**PROBLEM:**
Every line of the material is to be returned verbatim. Pictures stay out.

**DATASET SECTION:**
=====

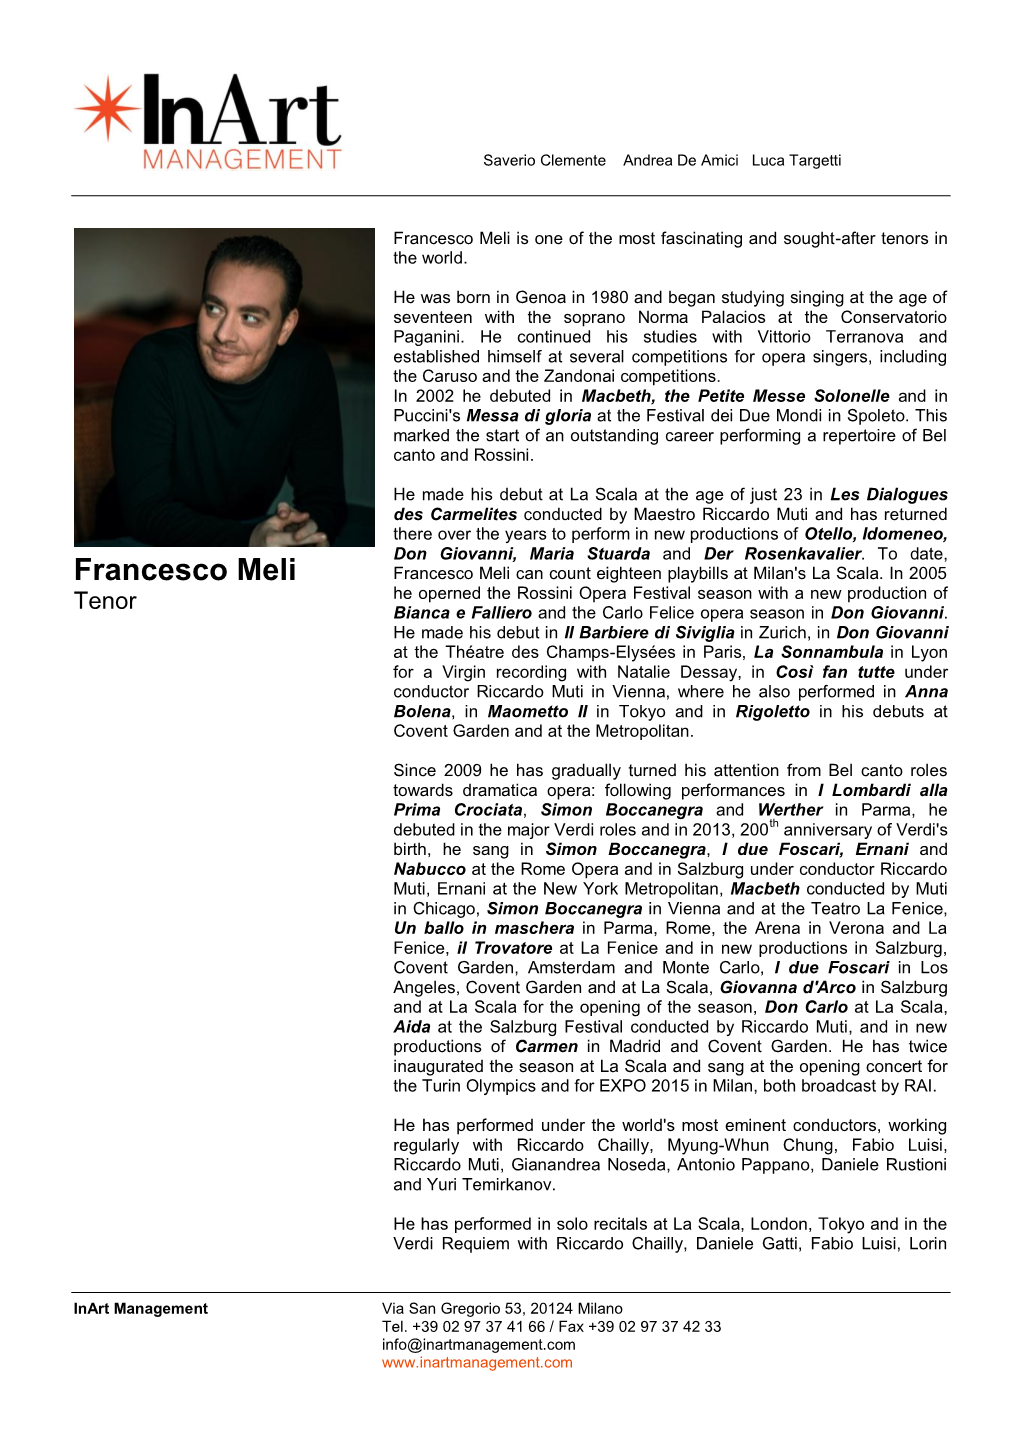 Francesco Meli Is One of the Most Fascinating and Sought-After Tenors in the World
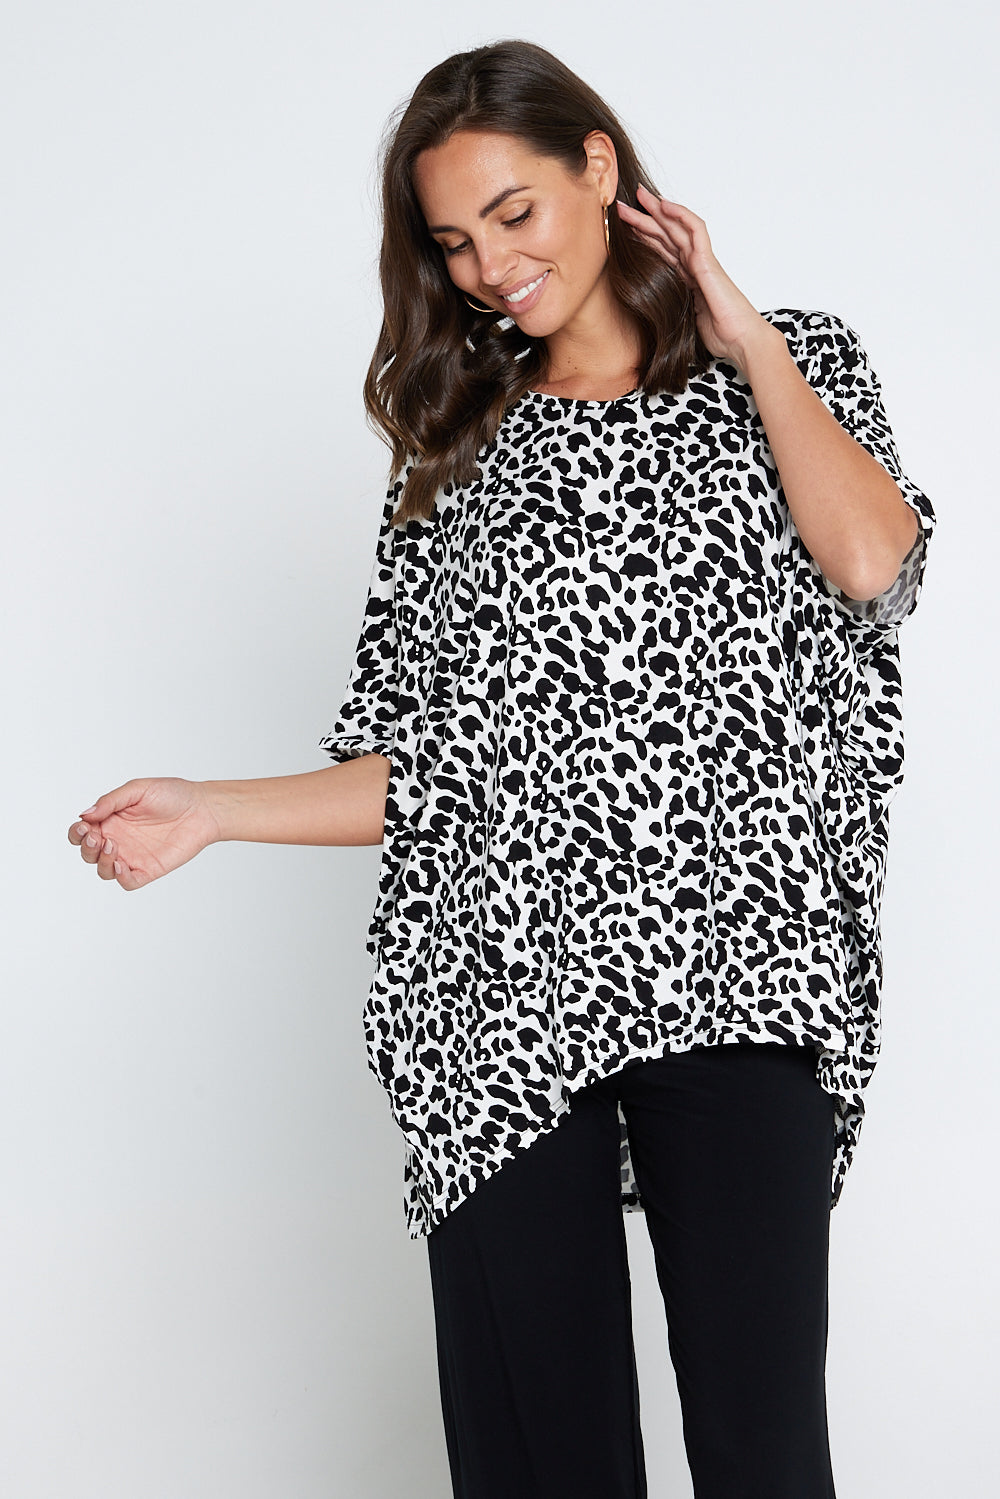 Claire Bamboo Top - Black/White Animal
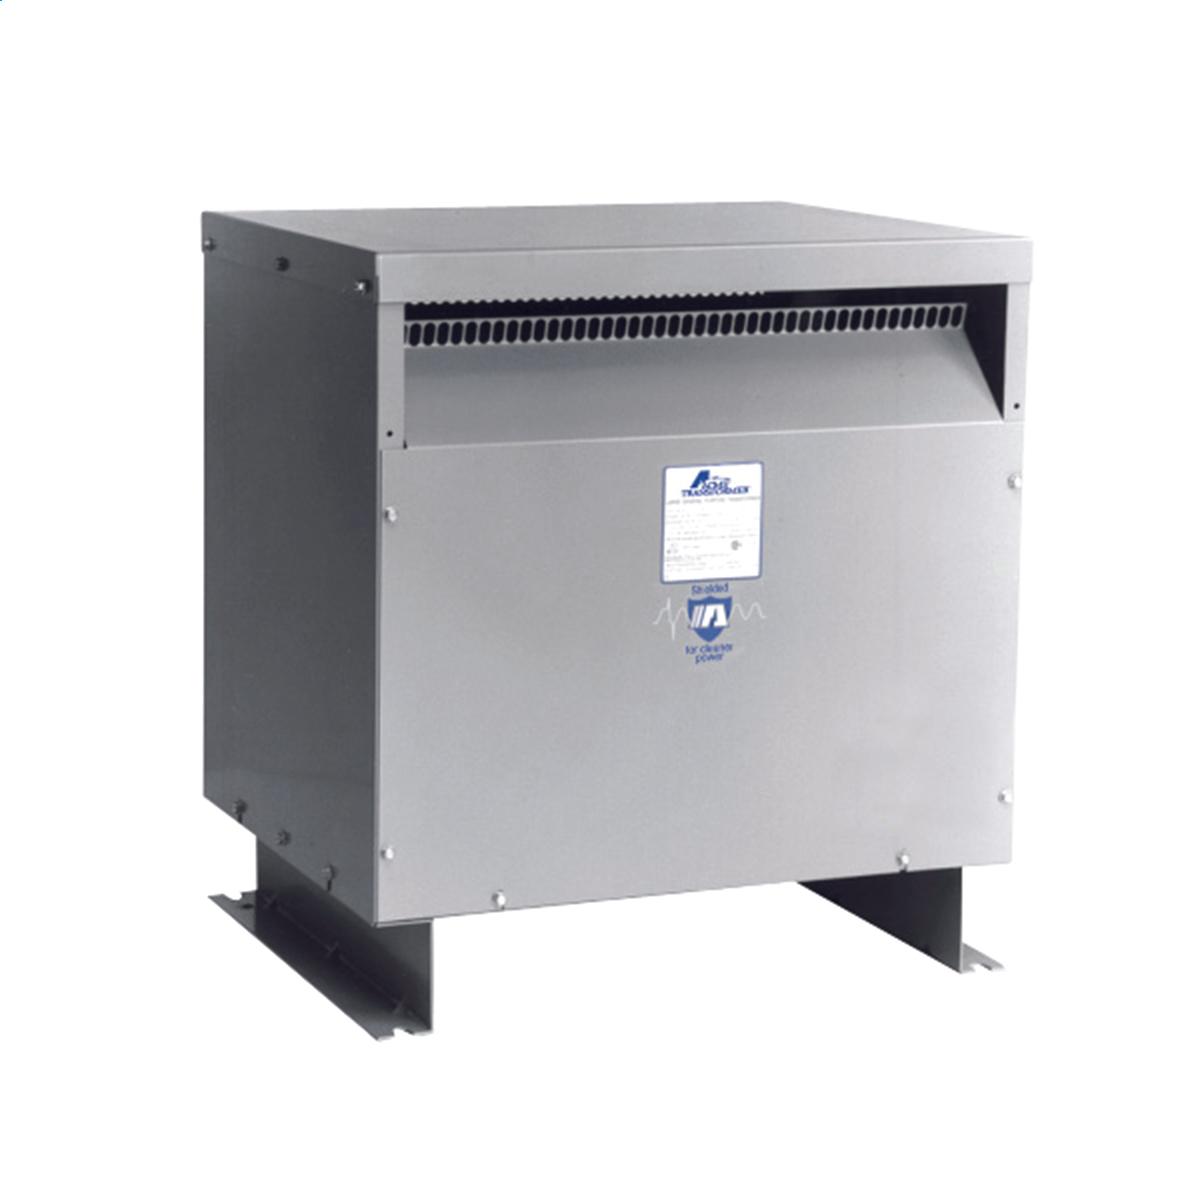 Hubbell WI045K10 Medium Voltage Transformer - Three Phase, 2400Δ - 208Y//120V, 45kVA  ; Lower operating cost over Liquid-filled ; No additional fireproofing or venting ; Long life expectancy ; Smaller, lighter easy to maintain

=====

**RESPONSE TO THE TASK:**
 Francesco Meli Is One of the Most Fascinating and Sought-After Tenors in the World
 Claire Bamboo Top - Black/White Animal
 Hubbell WI045K10 Medium Voltage Transformer - Three Phase, 2400Δ - 208Y//120V, 45kVA  ; Lower operating cost over Liquid-filled ; No additional fireproofing or venting ; Long life expectancy ; Smaller, lighter easy to maintain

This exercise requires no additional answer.